**PROBLEM REQUIREMENTS**
Leave out the pictures and copy every record exactly.

Records from a dataset:
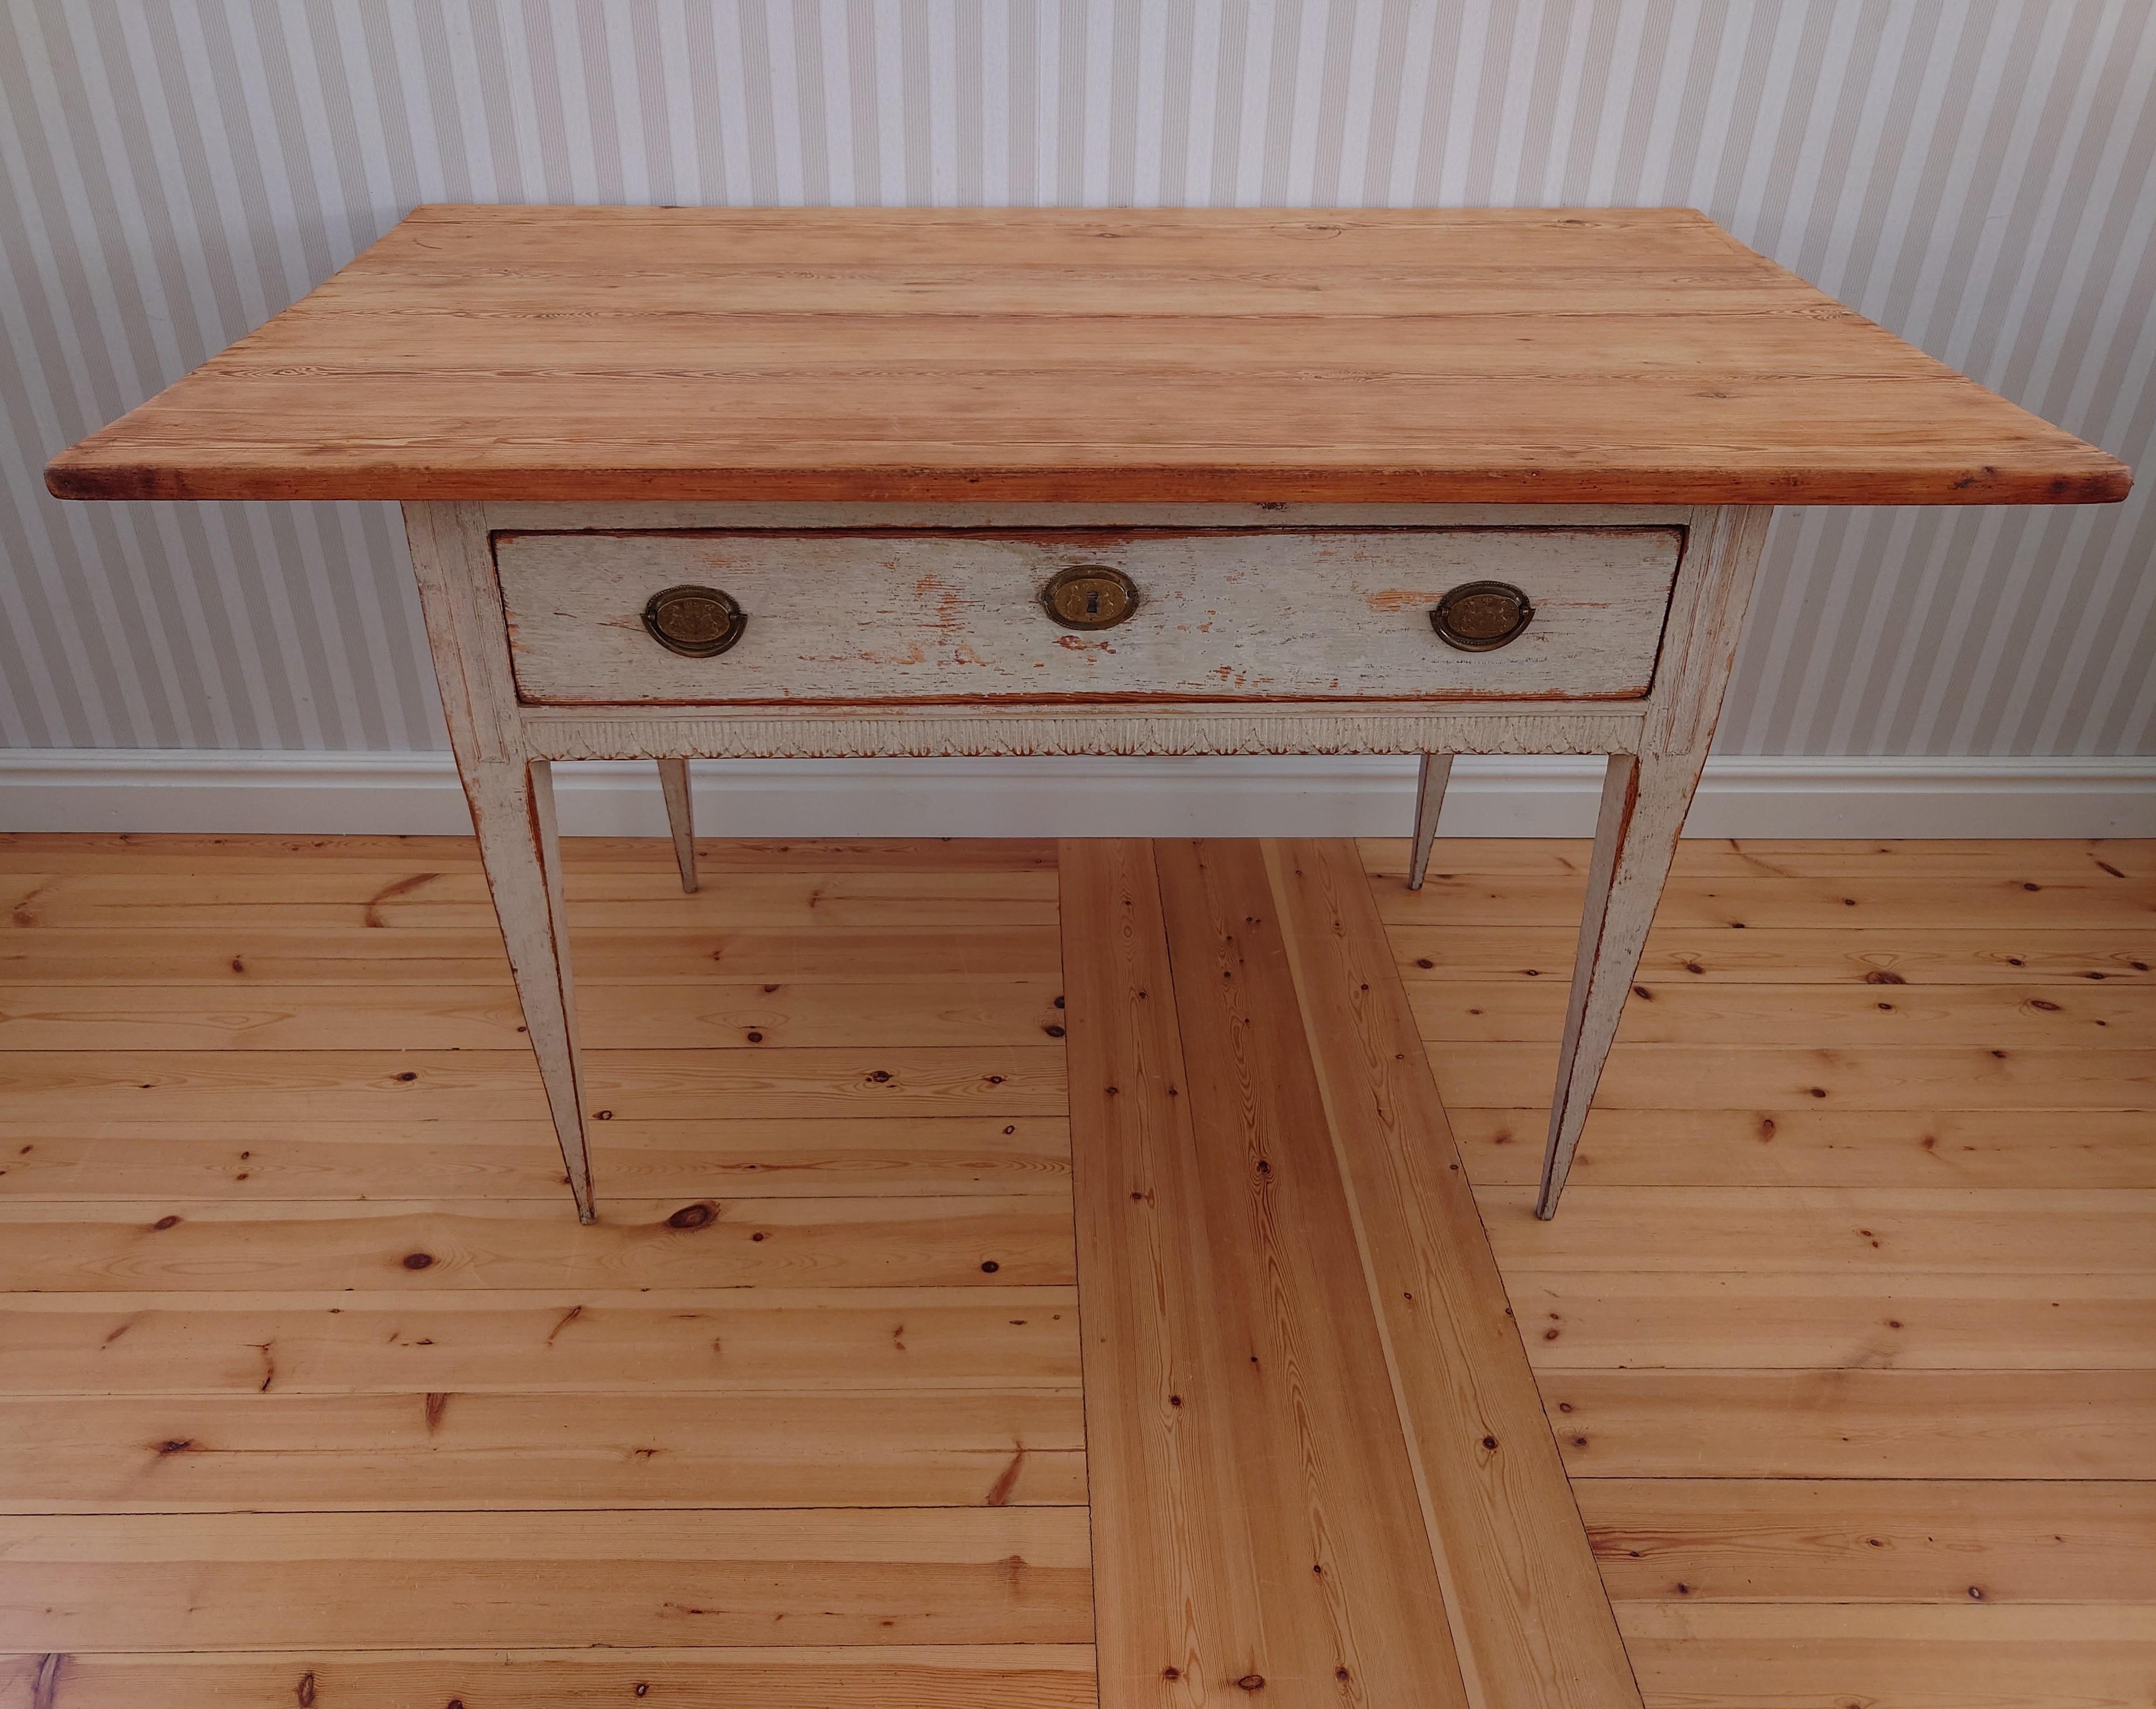 Schwedischer Gustavianischer Schreibtisch aus dem 19. Jahrhundert aus Umeå Västerbotten, Nordschweden.
Ein hochwertiger und schöner Schreibtisch mit holzgeschnittenen Details und schönen konisch zulaufenden Beinen.
Die schön geschnittenen Blätter
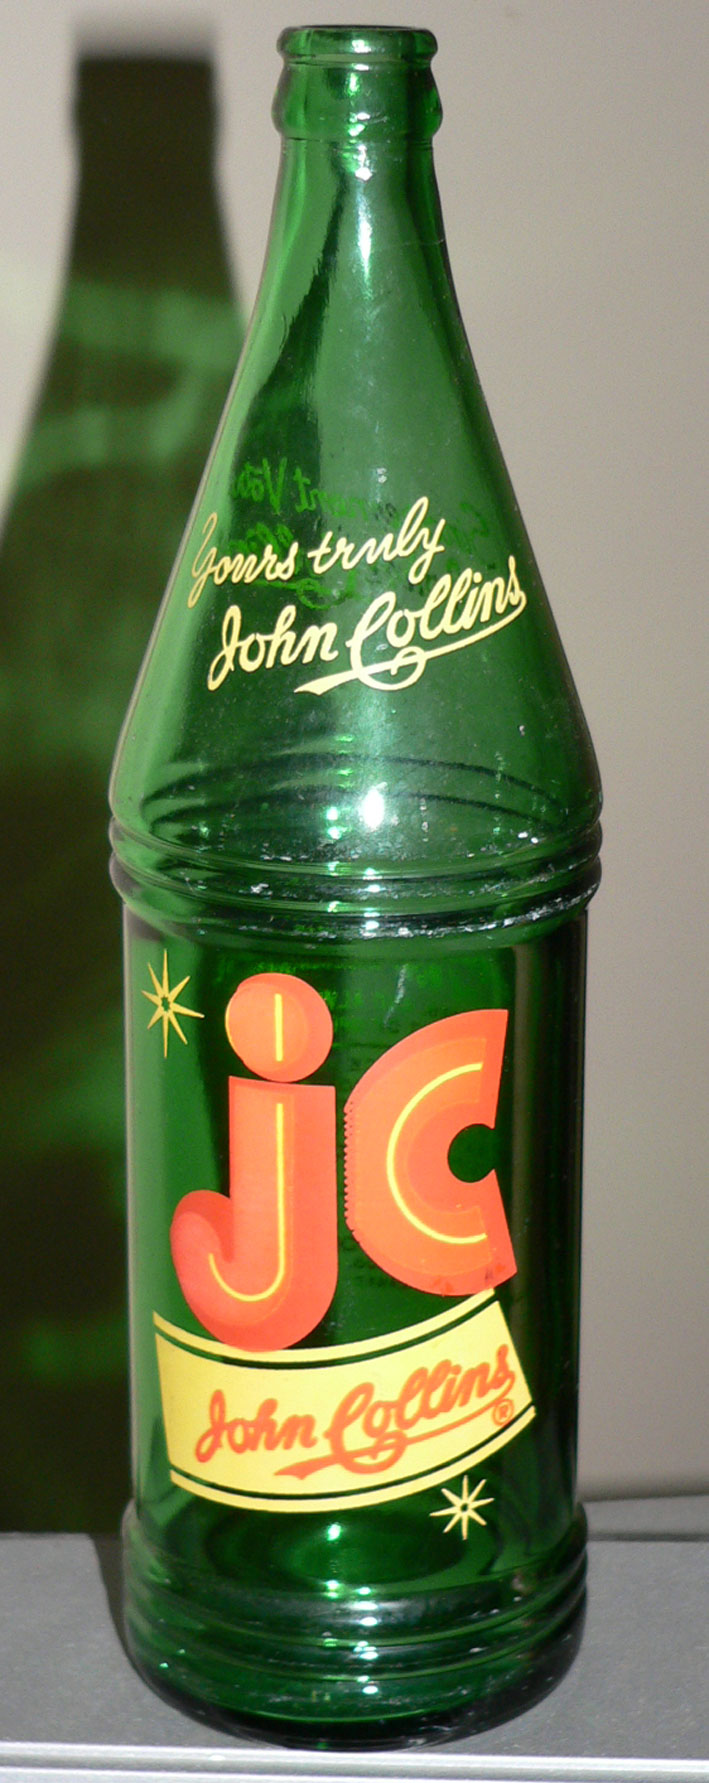 Bouteille de liqueur ACL "John Collins" verte - format 28oz - Waterloo, Quebec John-c10
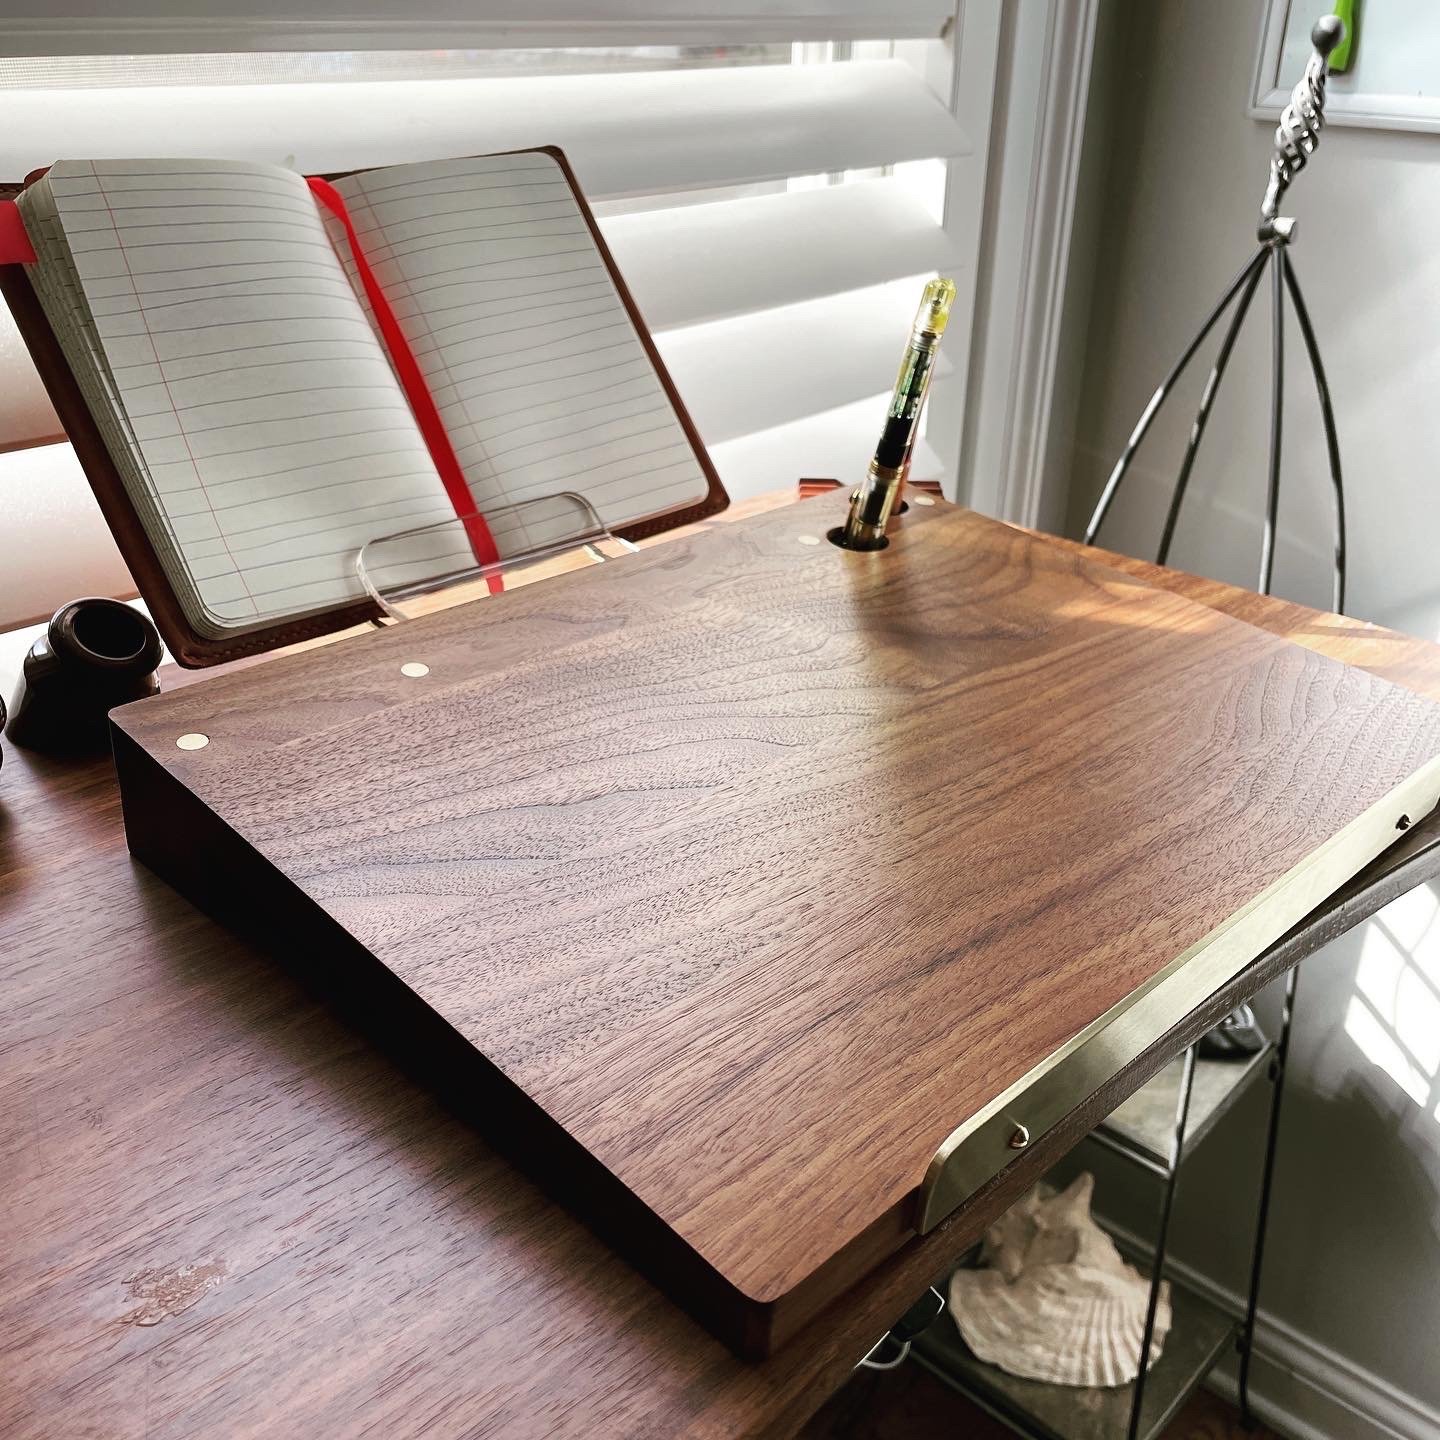 Levenger Old School Portable Lap Desk - Natural Cherry
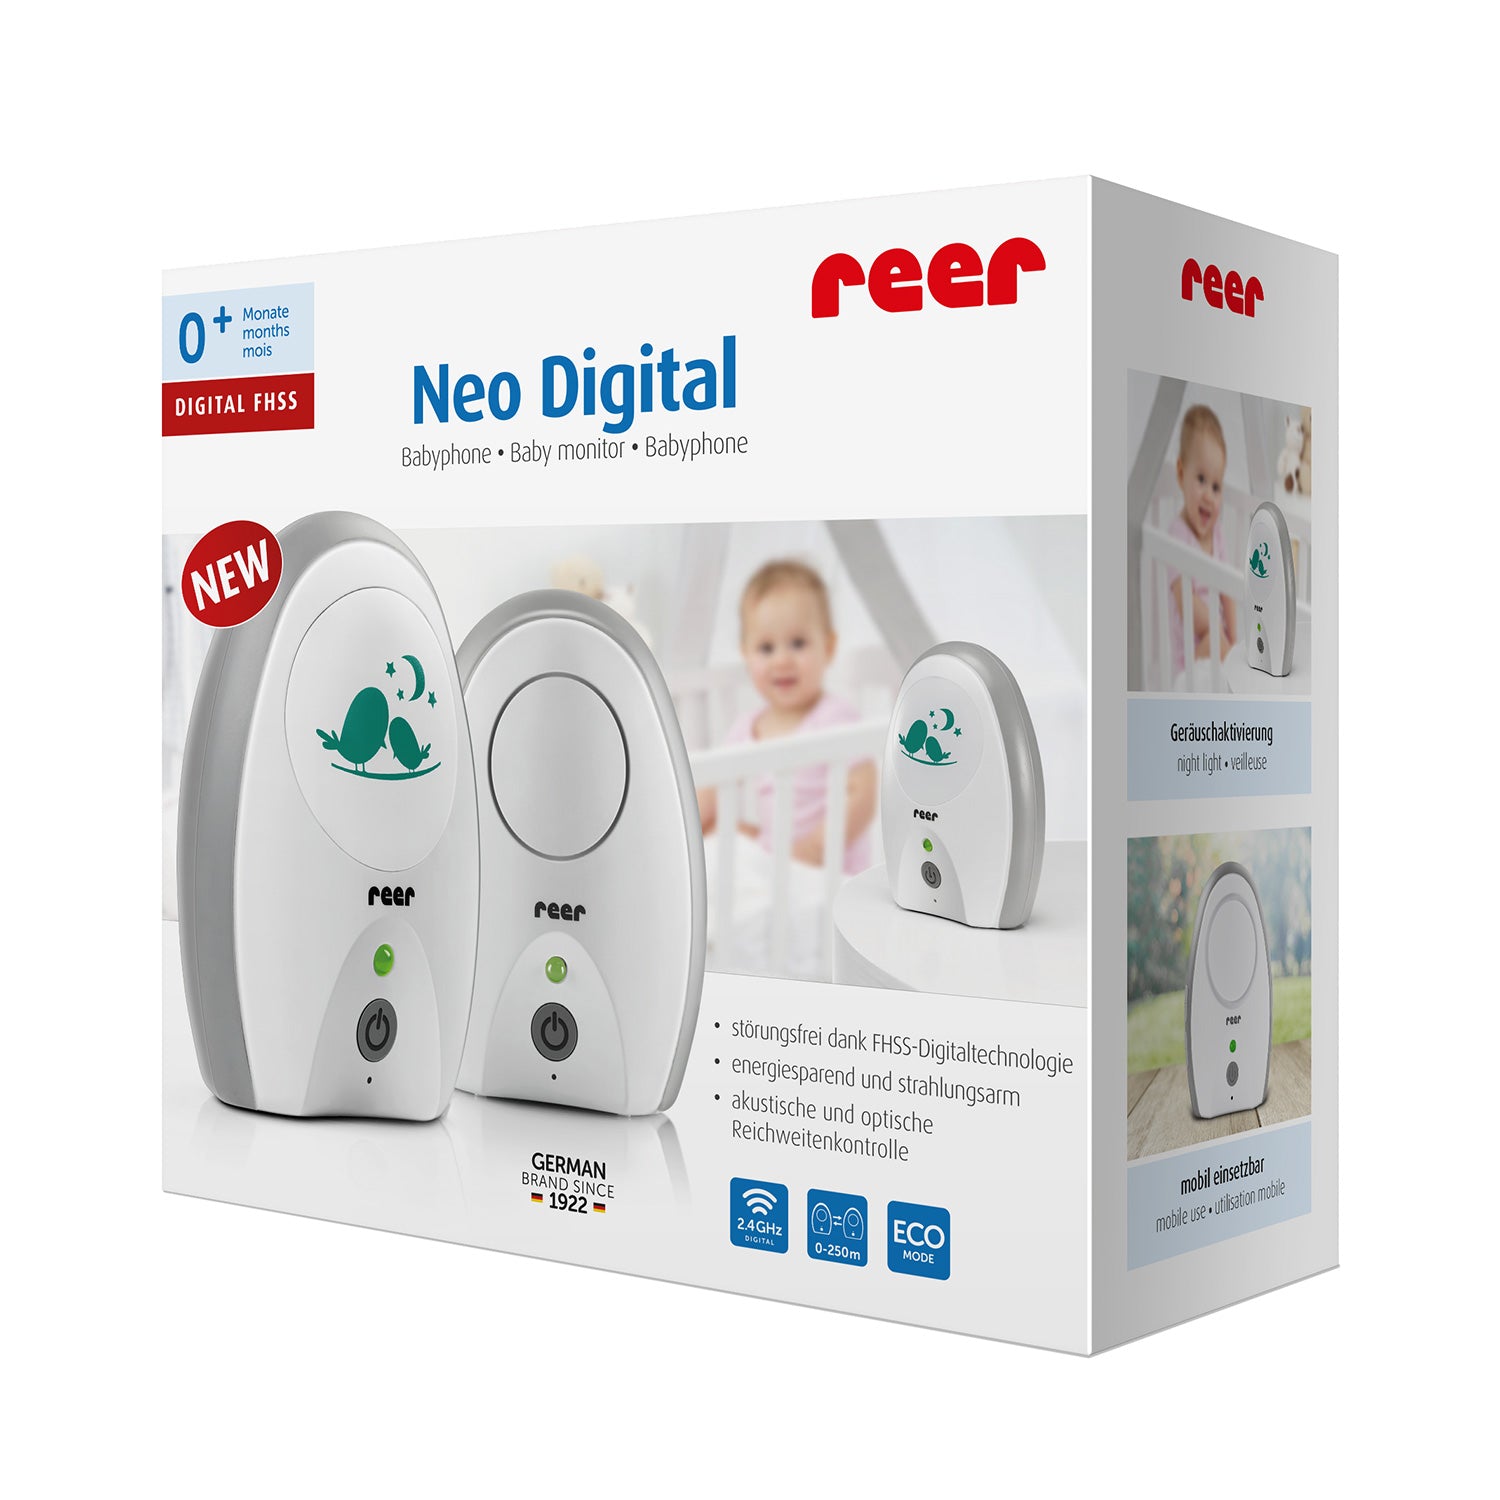 Reer Neo Digital baby monitor

**RESPONSE TO THE EXERCISE**
 Schwedischer Gustavianischer Schreibtisch aus dem 19. Jahrhundert aus Umeå Västerbotten, Nordschweden.
Ein hochwertiger und schöner Schreibtisch mit holzgeschnittenen Details und schönen konisch zulaufenden Beinen.
Die schön geschnittenen Blätter
 Bouteille de liqueur ACL "John Collins" verte - format 28oz - Waterloo, Quebec John-c10
 Levenger Old School Portable Lap Desk - Natural Cherry
 Reer Neo Digital baby monitor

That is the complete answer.